In Table 2, the egg weight of laying hens ranges from 63.84 to 62.39 g/egg. This is due to the level of feed consumption remaining constant across treatments. As a result, the nutrients received by chickens such as protein, crude fiber, fat, minerals, vitamins, and other nutrients were relatively the same, so the egg weights produced among the treatments were similar. Feed consumption is one of the most important factors affecting egg weight (Saputra et al., 2016). The most important dietary factor that is known to affect the size of eggs is adequate protein and amino acids in the ration. Proteins and amino acids (especially methionine) are food substances that have the greatest role in controlling egg size, in addition to genetic factors and poultry body size (Leeson and Summers, 2005). The average egg weights of the laying hens in treatment A, B, C, and D were 63.84, 63.11, 62.32, and 62.39 g/egg, respectively.
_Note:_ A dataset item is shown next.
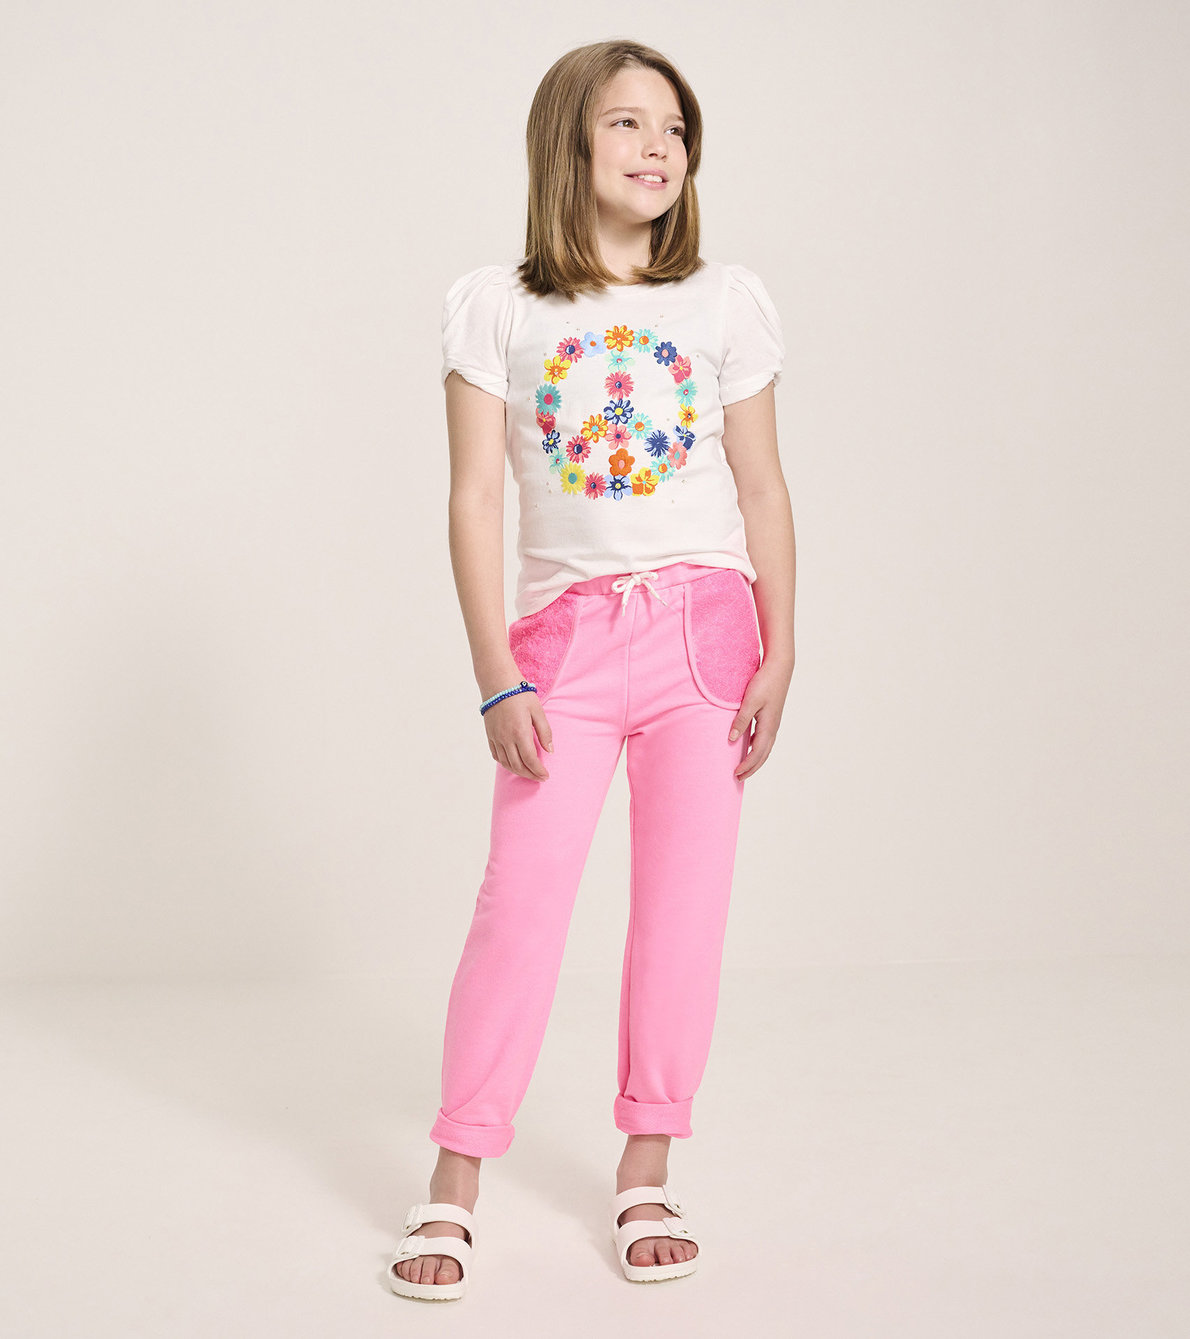 View larger image of Girls Peace Flower Twisted Sleeve Tee
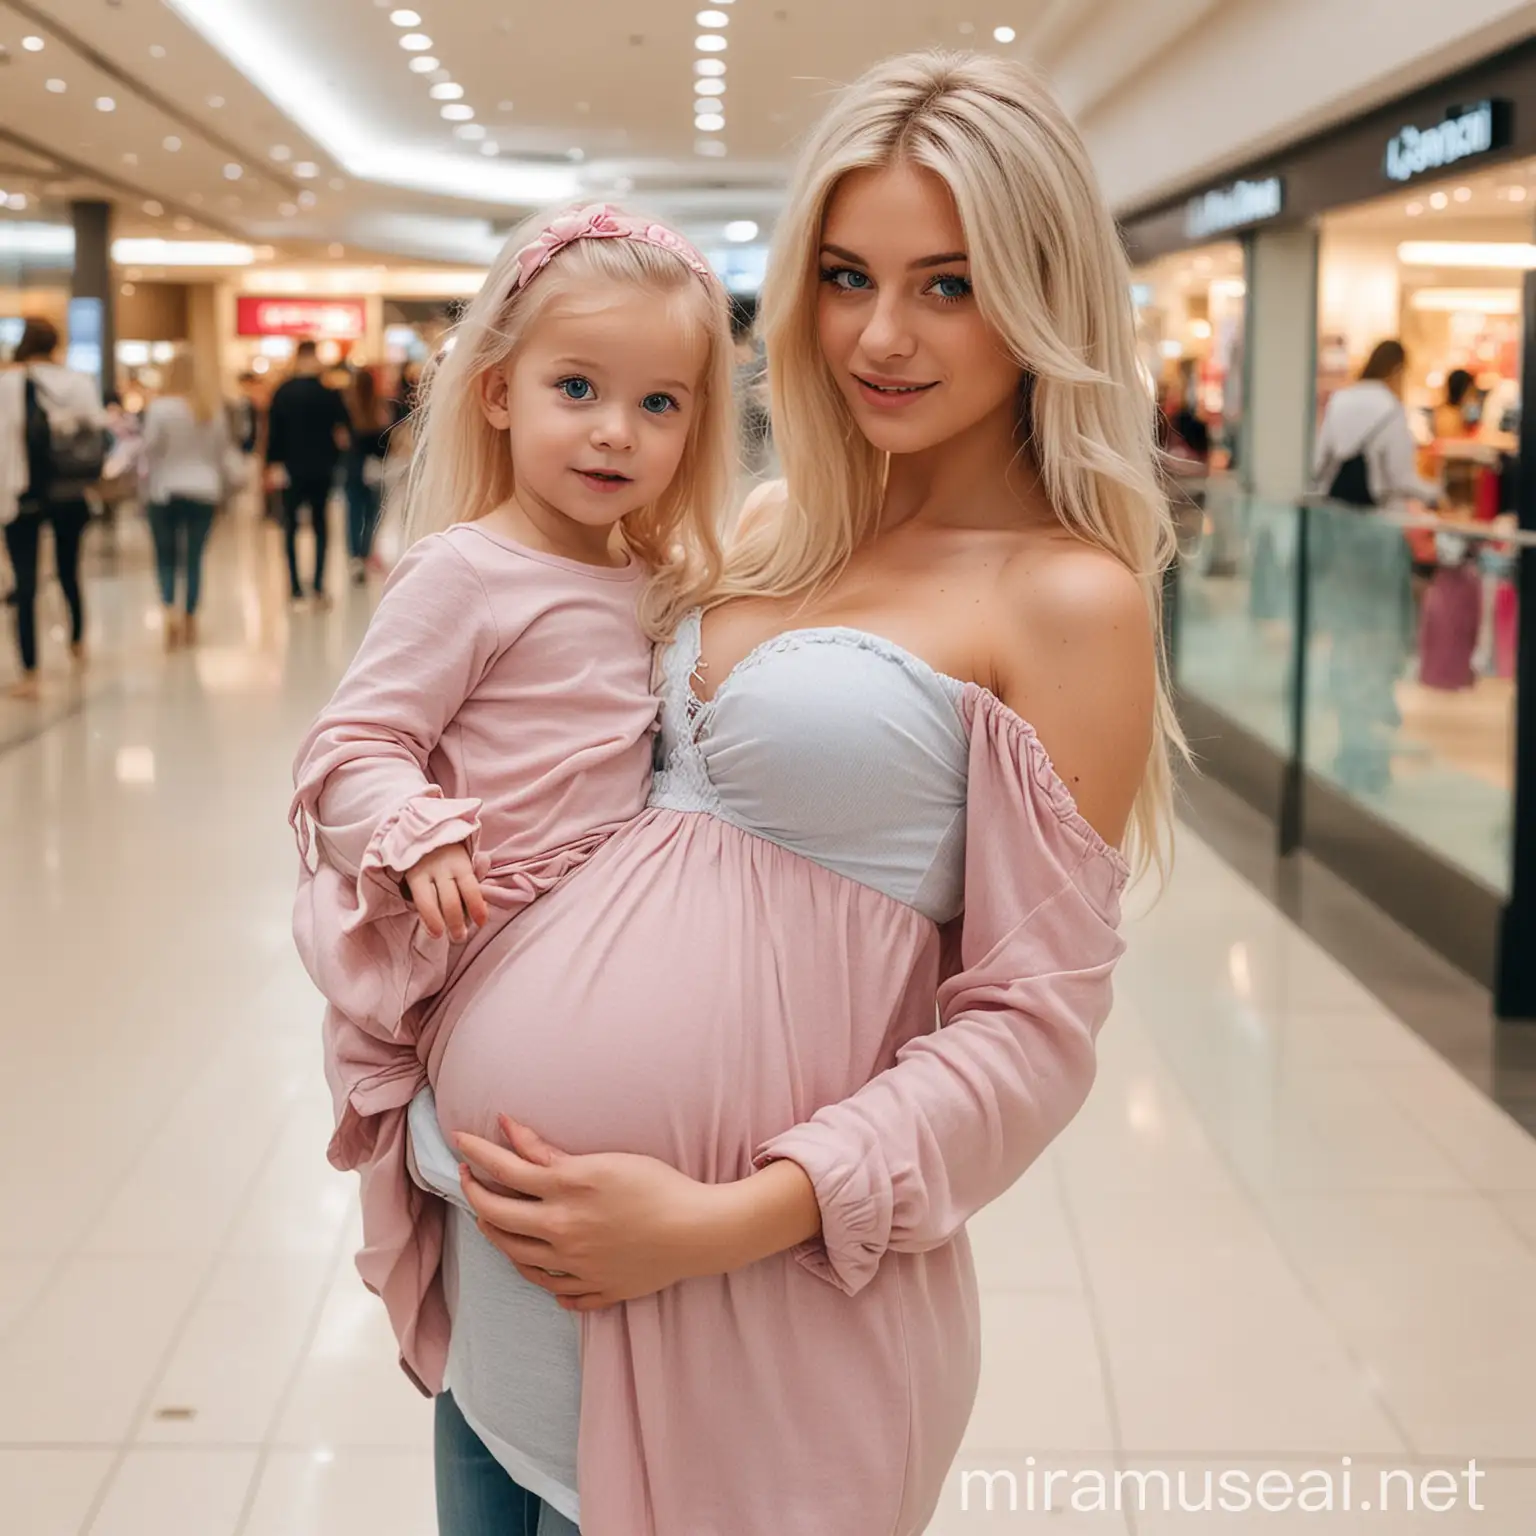 Pregnant Mother and Daughter Shopping in Modern Mall

The results of the study were higher than those reported by Pulupi et al. (2014), where the average weight eggs of laying hens ranged from 53.95 to 55.99 g/egg.

 

CONCLUSION

 

The substitution of corn with 40% sorghum, the addition of6% Indigofera leaf flour, and the provision of Waretha probiotics with treatments as high as 43x1012 CFU/mL did not interfere with the performance of laying hens.

 

ACKNOWLEDGMENTS

 

This study was supported by Non-Tax State Revenue funds from Andalas University (002GBI/UN16.6/PPM/PNBP/Faterna/2018, May 26, 2018). The authors are very grateful to Andalas University, which allowed us to conduct this study.

 

Conflict of interest

 

There is no conflict of interest.

 

 

authors contribution

 

Riesi Sriagtula carried out research and helped in making decisions. Ade Djulardi and Ahadiyah Yuniza provided input and criticism for article improvement, Wizna is the corresponding Author, and research organizer and Zurmiati helped with literature studies, data analysis, and helped with correction revisions of Advances in Animal and Veterinary Sciences.